I was lucky to catch up with an aspiring creator of short films who has a love for the sci-fi vision of the future as seen through the viewfinder of the past–U.S. filmmaker Michael Prestage.  His films harken back to everything from 1950s serials and commercials to 1960s cartoons like Fractured Fairy Tales, old NASA films, and even the live-action series Tales of the Riverbank.  Michael has a great eye for styles of the past and you could easily see his work used in modern marketing and commercials or to help create the setting for motion pictures taking place in decades past.
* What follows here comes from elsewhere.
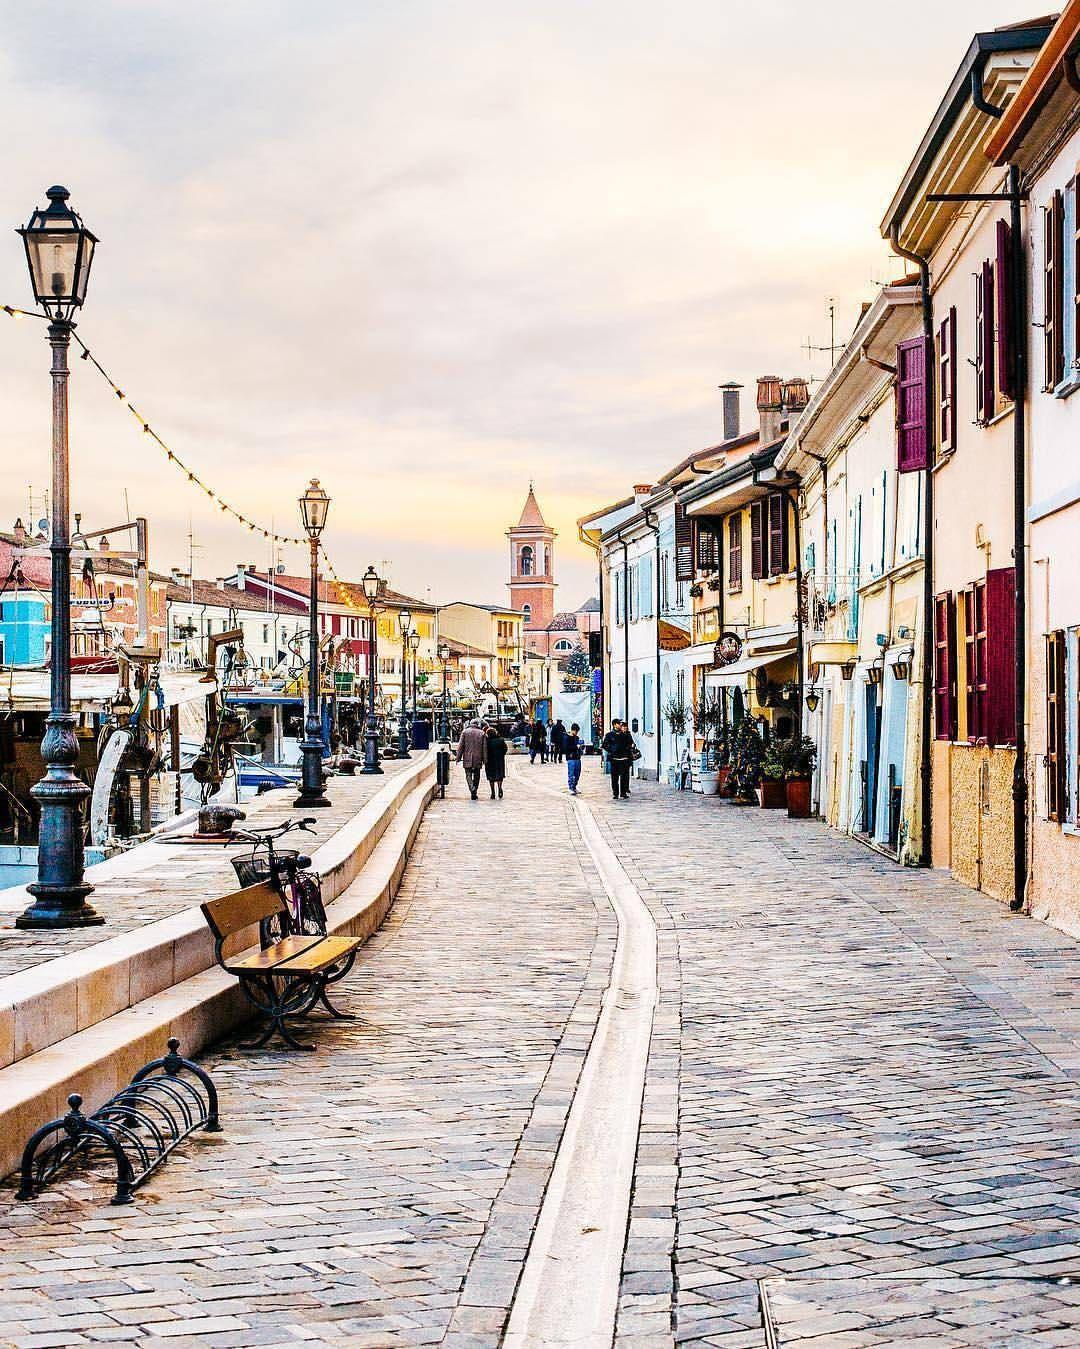 Cesenatico Italy | Travel, Travel destinations, Seaside towns

I interviewed Michael about three short films, which I am posting in their entirety here.  First, check out Michael’s recent competition entry in the 2013 Firefox Flicks contest:

CB:  Michael, thanks for sharing your work with us today.  Please tell us about your work on Tale of the Firefox.

MP:  Tale of the Firefox was a project that came ridiculously close to never happening.  It was past midnight when I remembered I’d left my PC on in the other room and went to go shut it down.  I got there and there was this little blurb that had popped up sometime in the interim, imploring Firefox users to enter their short film contest proclaiming the virtues of Firefox.  I like Firefox as much as the next person, I’ve been using since the 56k days, but I ran the prospect over my brain cells and I came up dead empty.  I said to hell with it, shut the PC down and forgot about it… or, so I thought.  Lo and behold, I wake up the next morning, grab a scrap of paper and start madly scratching out this offbeat story about a cherubic little kid suddenly finding himself tossed into this creepy netherworld.

CB:  I love the narration that sounds just like someone out of the 1960s.  Was that you or someone else’s voice?

MP:  I’d hit upon the idea of placing my pocket voice recorder inside this old NASA floodlight that I’d been noticing for some time to have unusual resonating properties.  I spent the rest of an afternoon reciting my narration into the amphitheater-shaped lamp, and by that night I had my narrative track laid down exactly as it plays in the completed short.

CB:  How long did Tale of the Firefox take to create?